- **INFORMATION SHOWN**
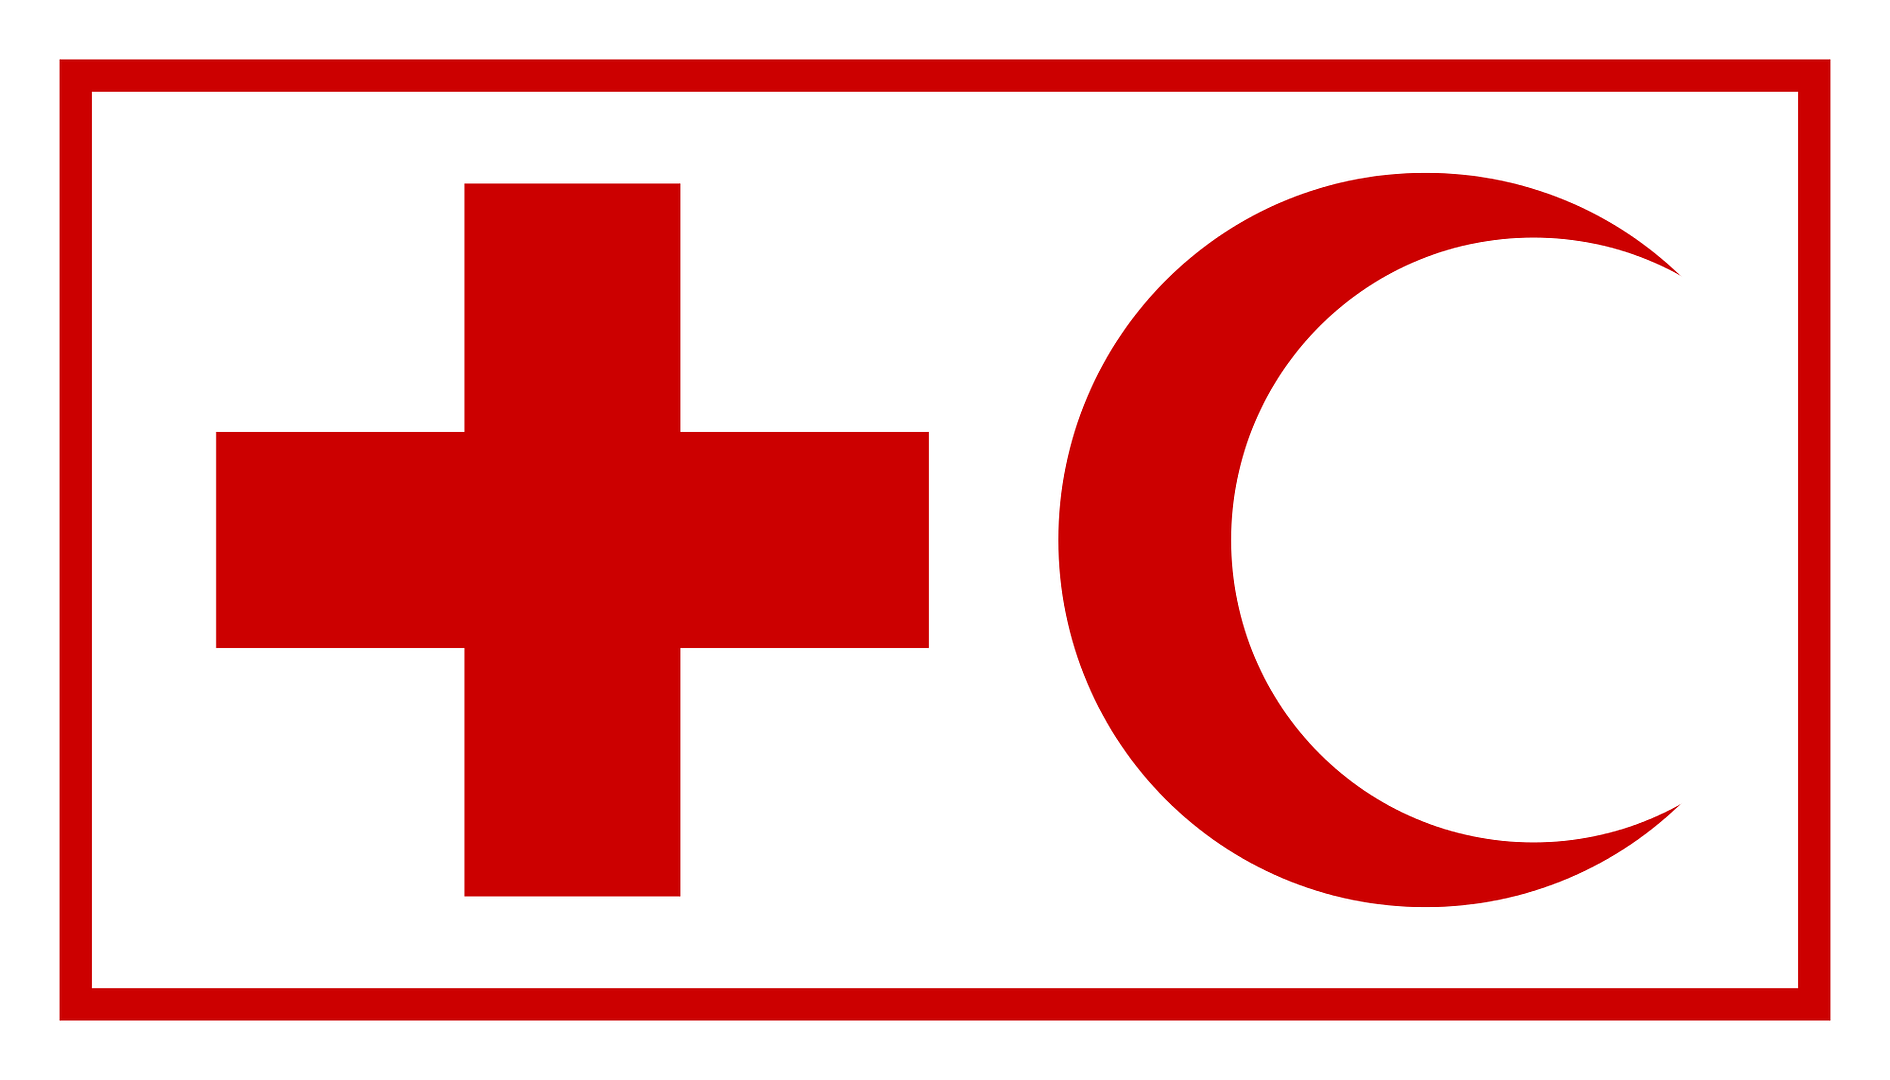 Using tech to help the Paris Terrorist Attack victims: IFRC donations
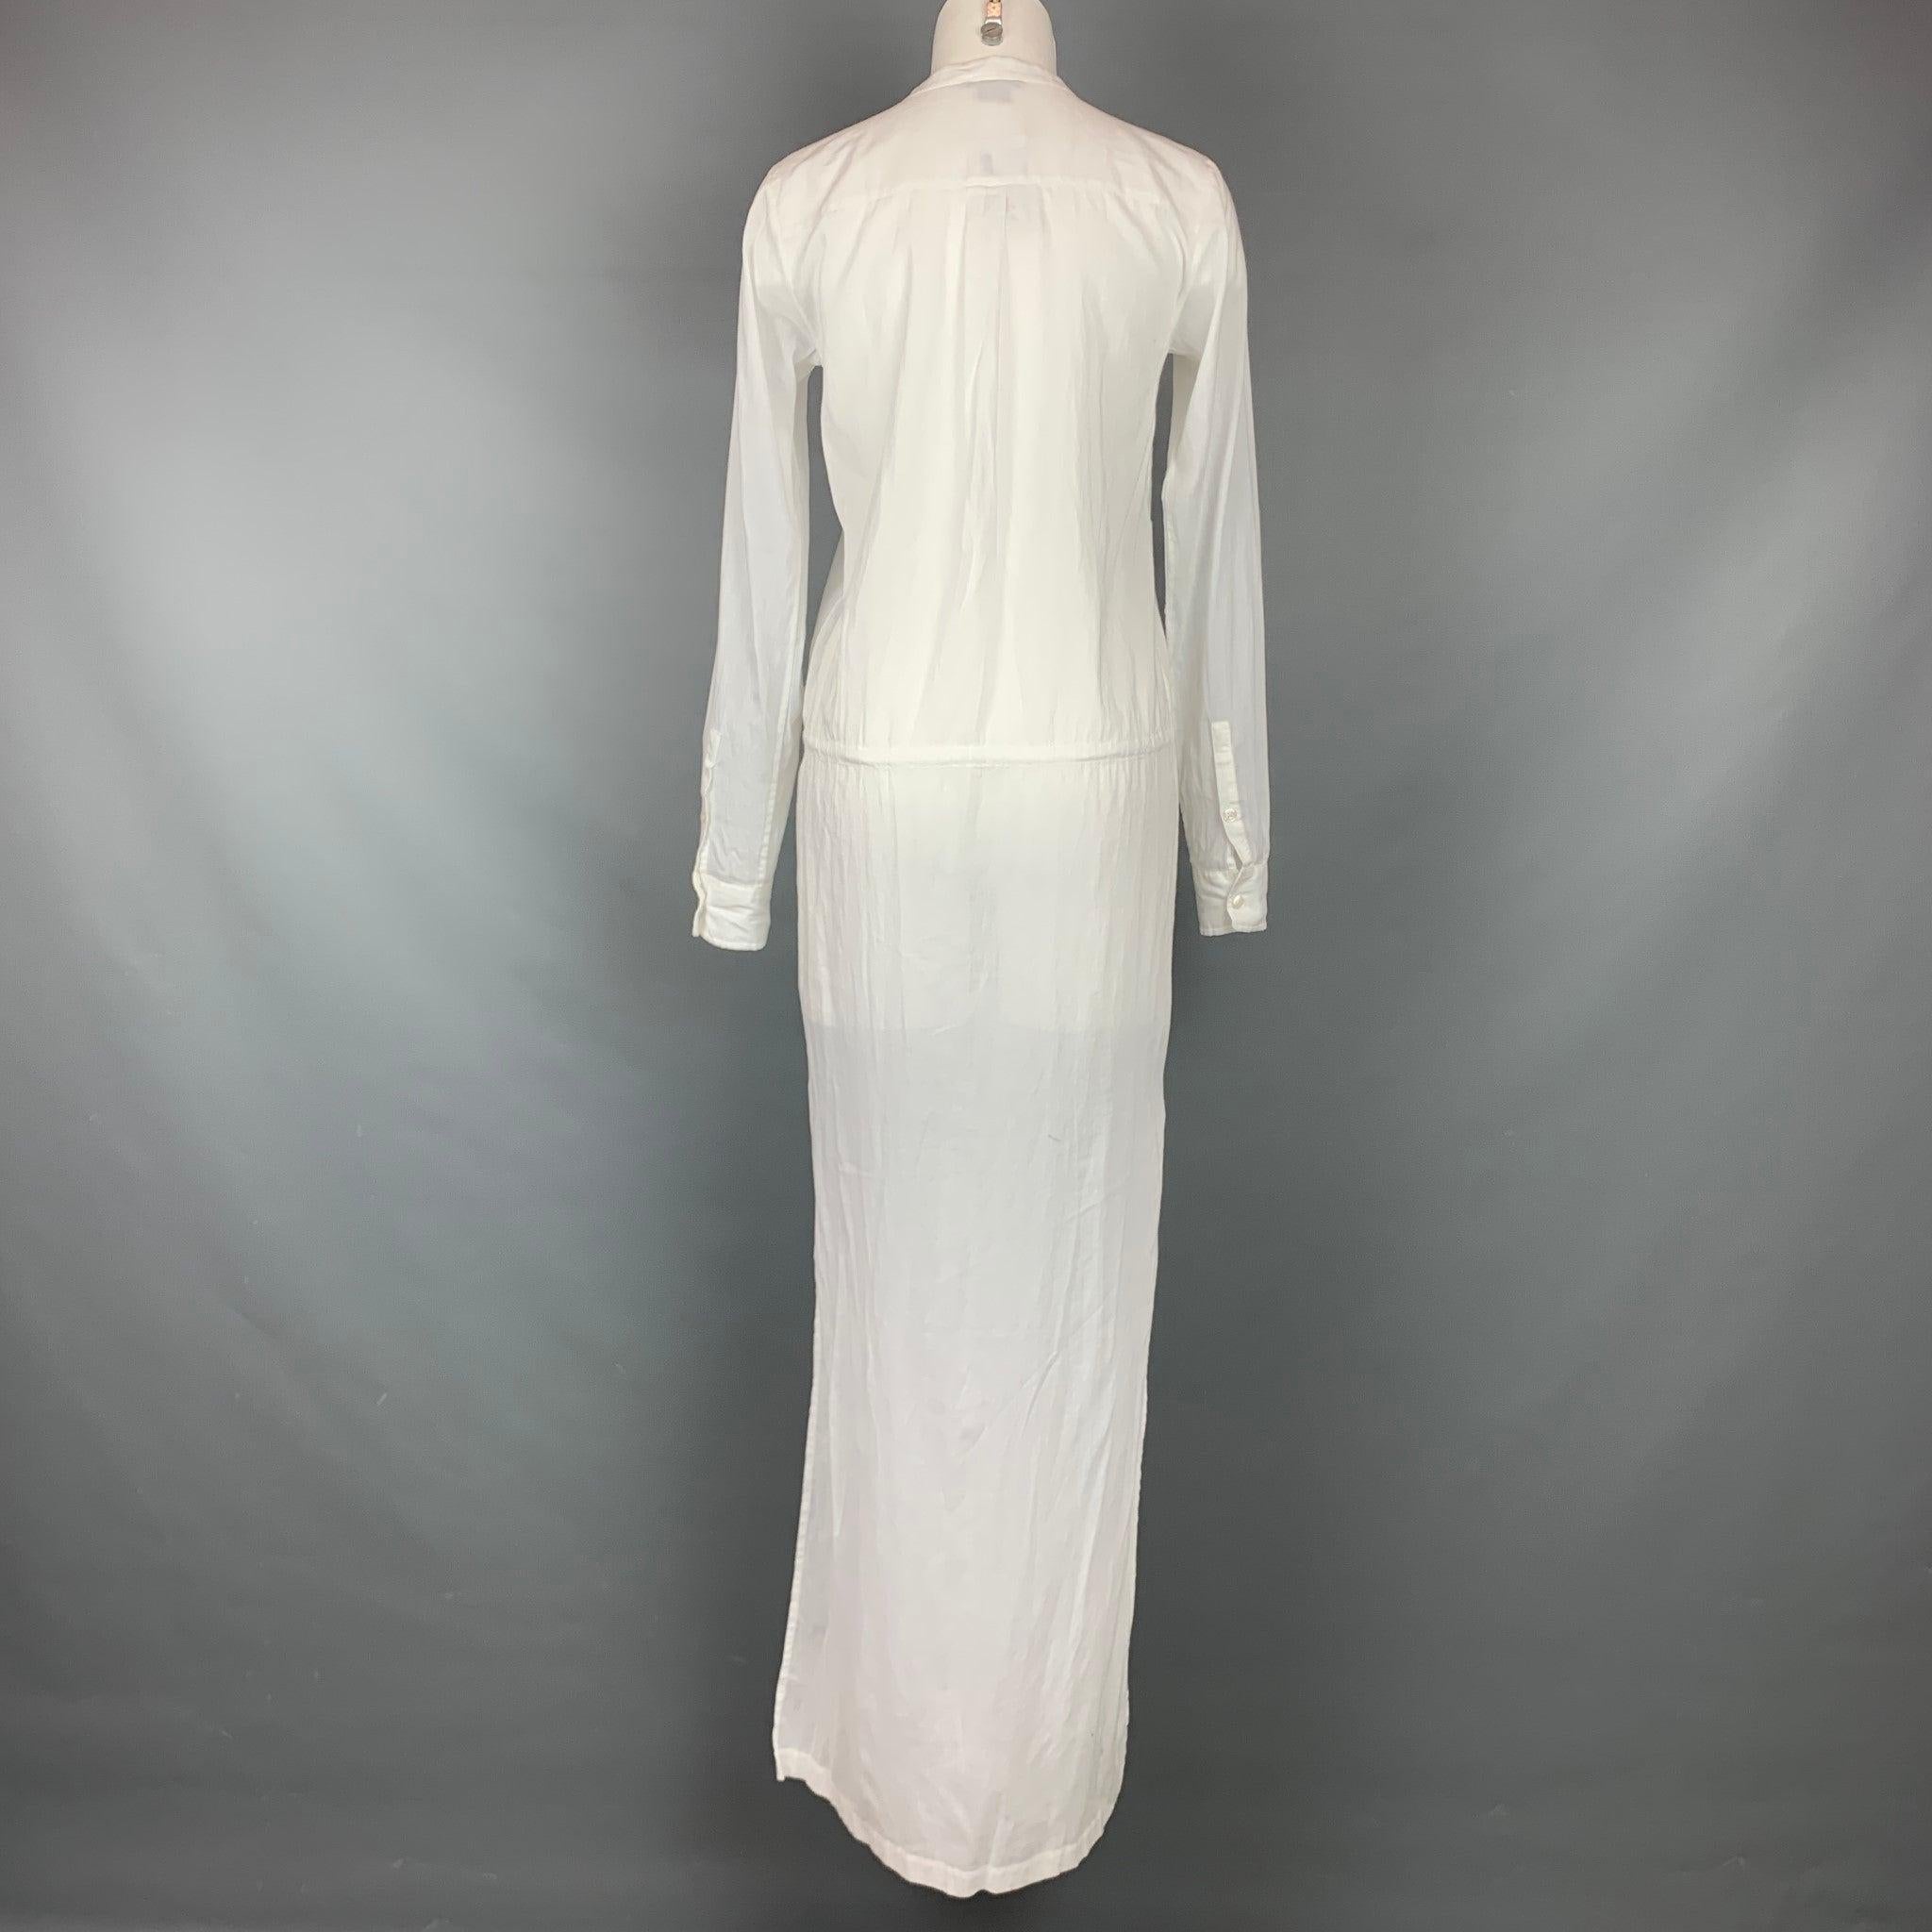 THEORY Size S White Cotton Long Shirt Dress In Excellent Condition For Sale In San Francisco, CA
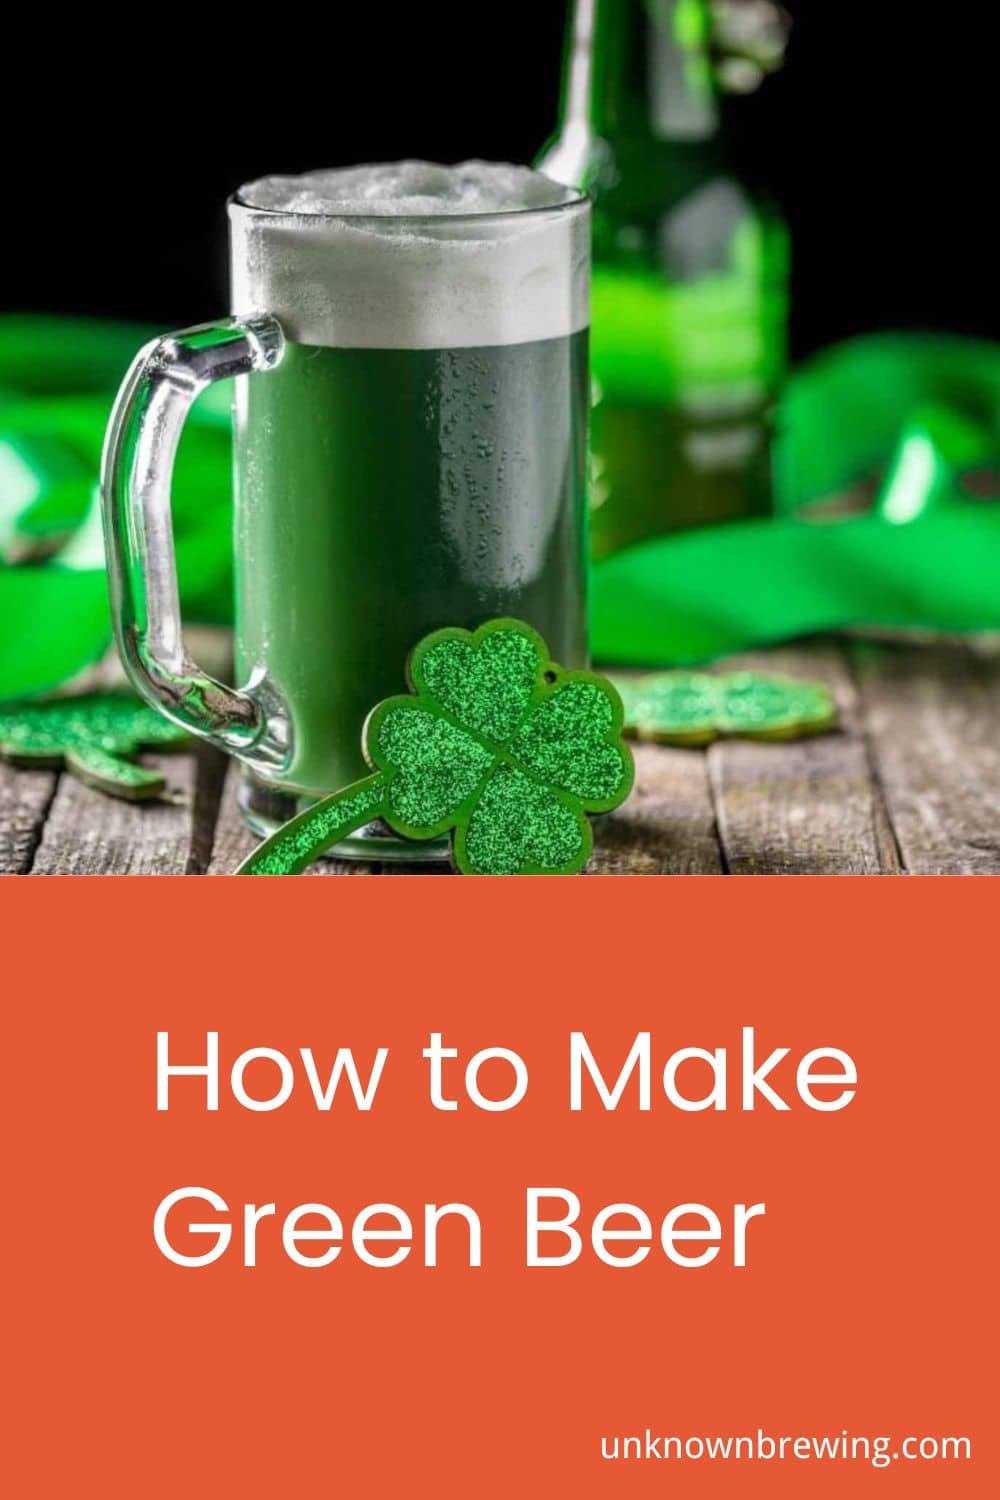 how to Make Green Beer
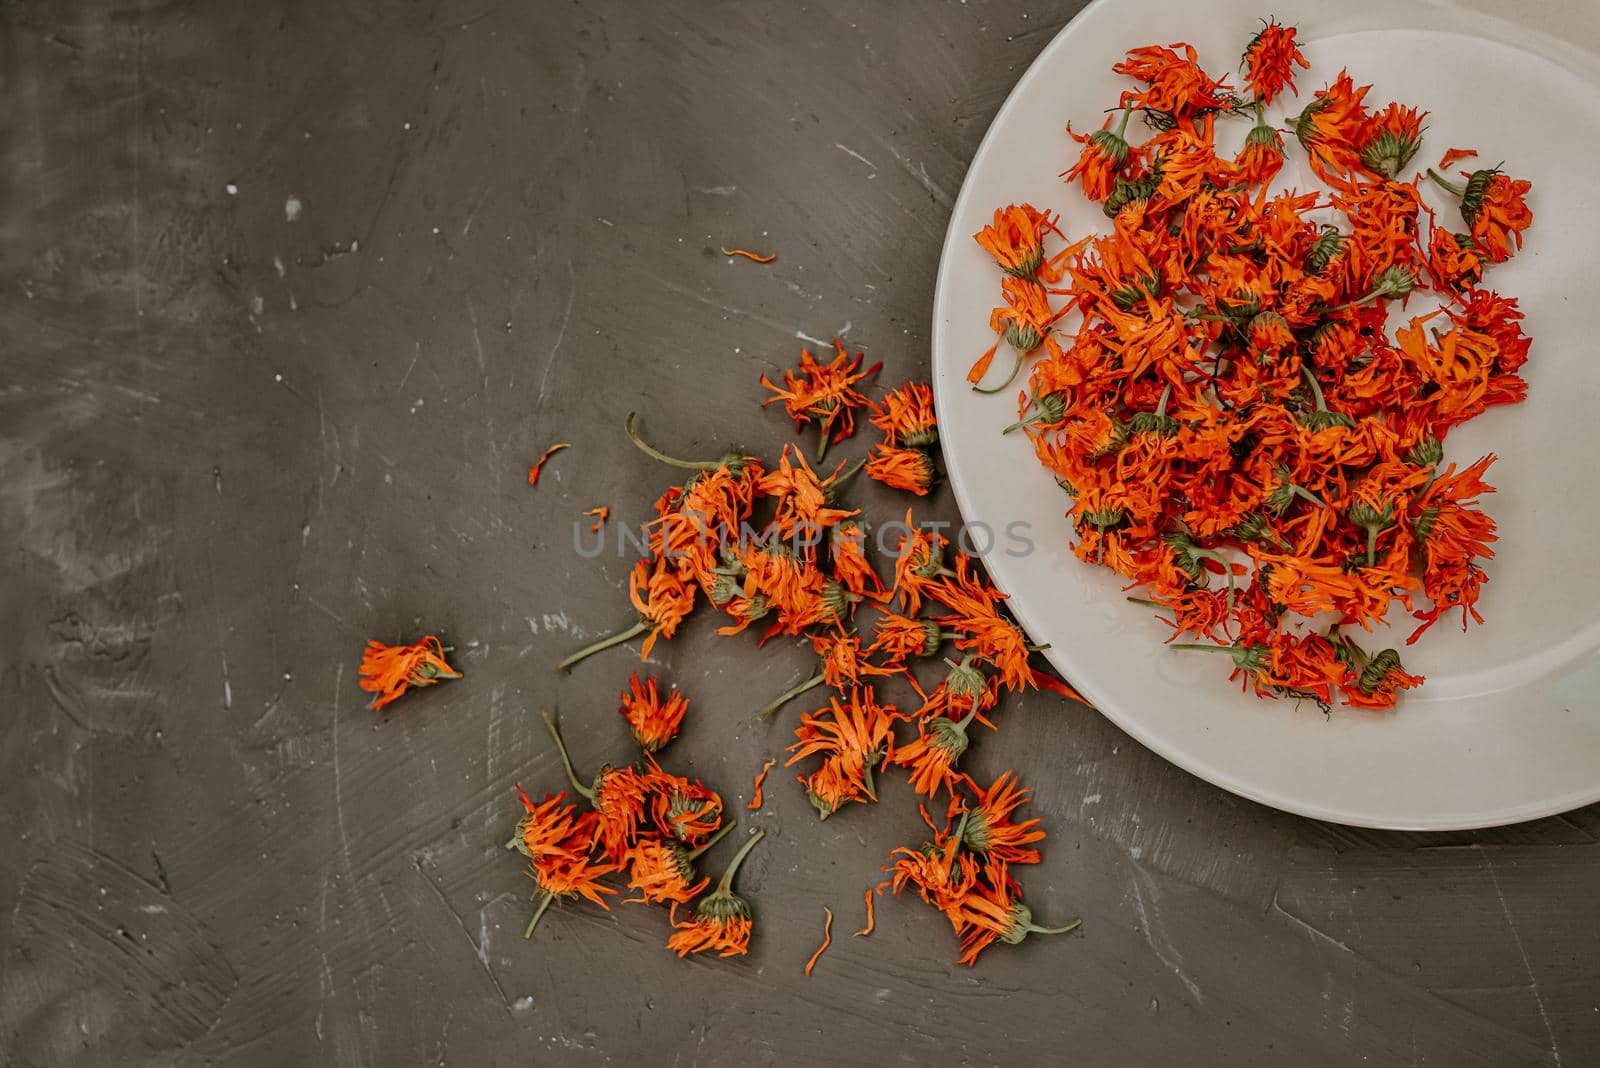 Dried flowers in a gray plate. Medicinal herbal dried plants marigold, orange calendula. Neutral white and gray background.

- **WHAT TO WORK ON**
Retype the listing exactly and drop the pictures.

- **OUTPUT BELOW**
 Using tech to help the Paris Terrorist Attack victims: IFRC donations
 THEORY Size S White Cotton Long Shirt Dress In Excellent Condition For Sale In San Francisco, CA
 how to Make Green Beer
 Dried flowers in a gray plate. Medicinal herbal dried plants marigold, orange calendula. Neutral white and gray background.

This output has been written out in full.